Jacqueline Parchem, MD (2019-2023)
Award: SMFM/AAOGF Scholar
Site of Research: University of Texas
Title of Research: Modulation of Neural Tube Closure by Amniotic Fluid Exosomes
Neural tube defects (NTDs) are devastating birth defects that result from failure of neural tube closure during early fetal development. In spina bifida, trauma to the exposed spinal cord results in irreversible neurologic injury. Despite advances in fetal surgery, the majority of children remain unable walk and have lifelong disability. Therefore, innovative prenatal interventions have the potential to reduce residual deficits children with NTDs. To identify mechanisms governing neural tube closure and neural injury in NTDs, our study focuses on the role of amniotic fluid (AF) exosomes.

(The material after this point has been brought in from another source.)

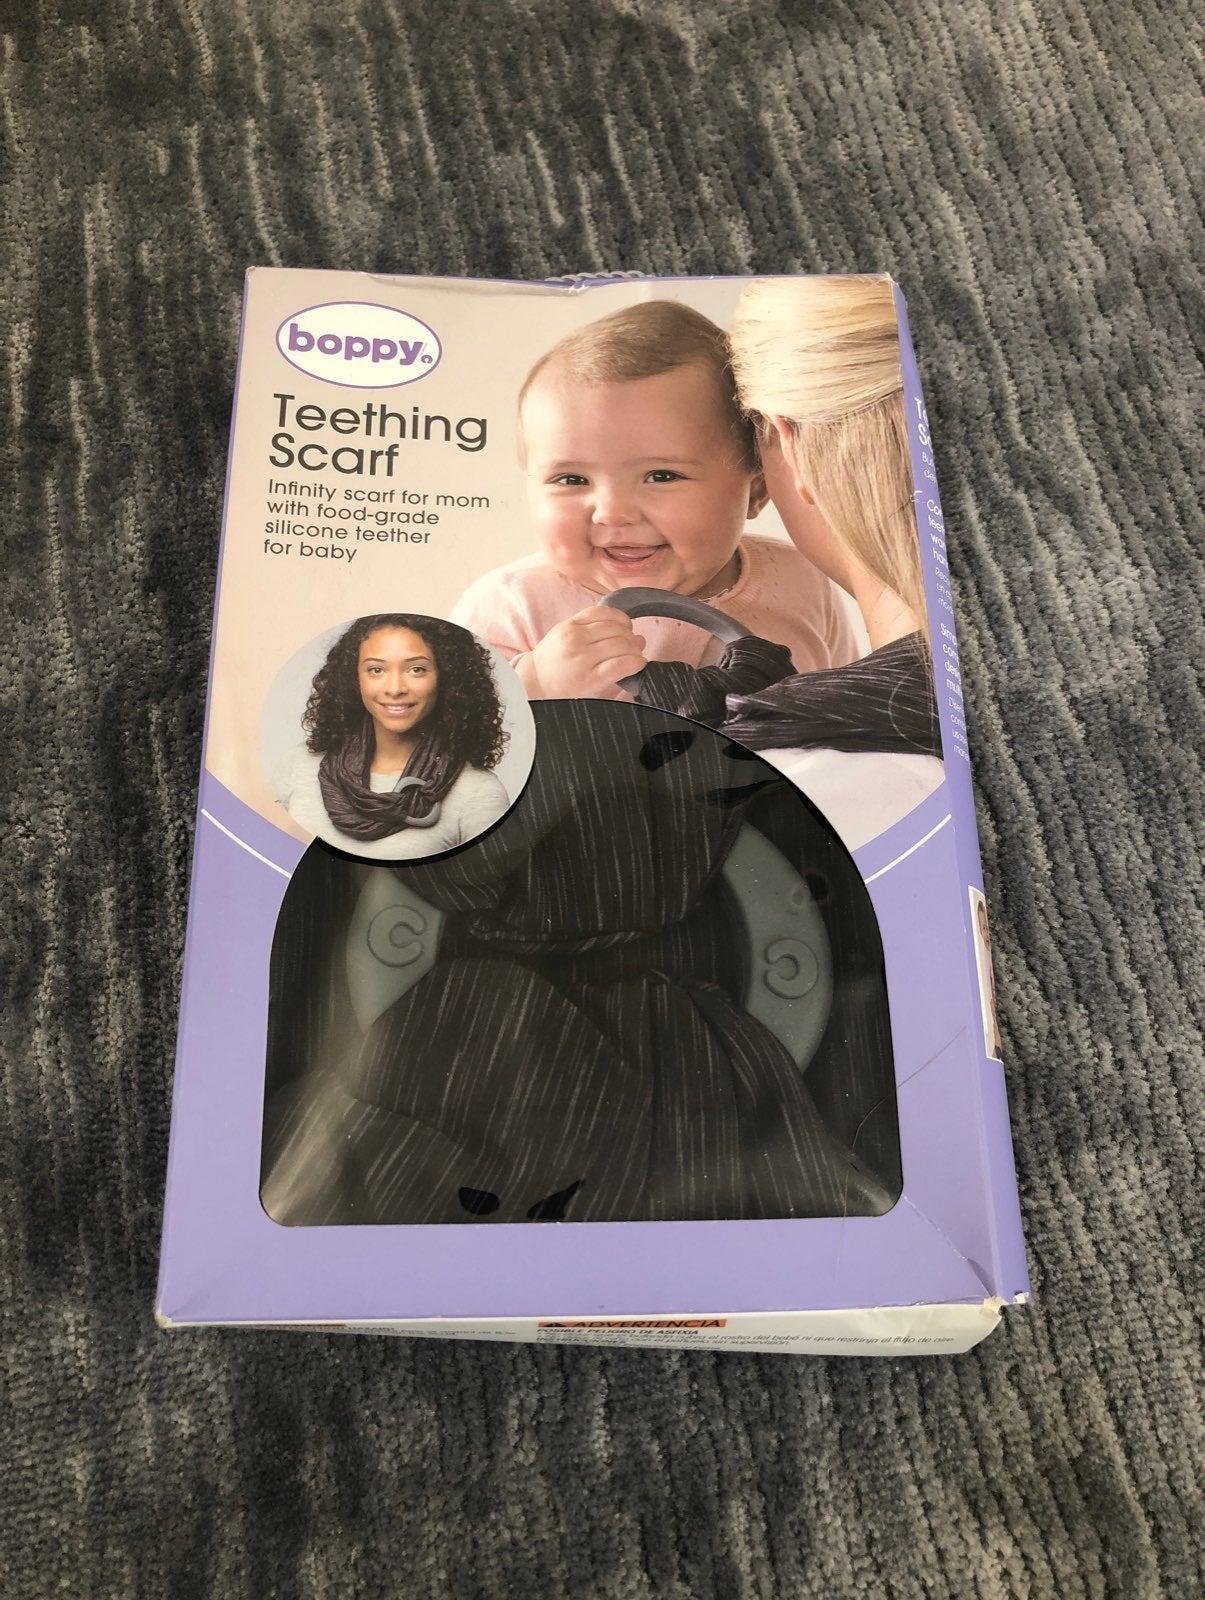 Boppy Teething Scarf

Exosomes are naturally-occurring nanovesicles in the AF that facilitate cell communication through the exchange of molecular messages. While exosomes have been shown to be important for a number developmental and disease processes, the role of AF exosomes in fetal neurodevelopment is unknown. We will use a combination of in-depth molecular analyses of human AF samples and experiments in mice and cell culture to test our central hypothesis that AF exosomes modulate neural tube development and injury in NTDs. We will further test an innovative prenatal treatment strategy to determine the potential of exosome-based fetal therapy.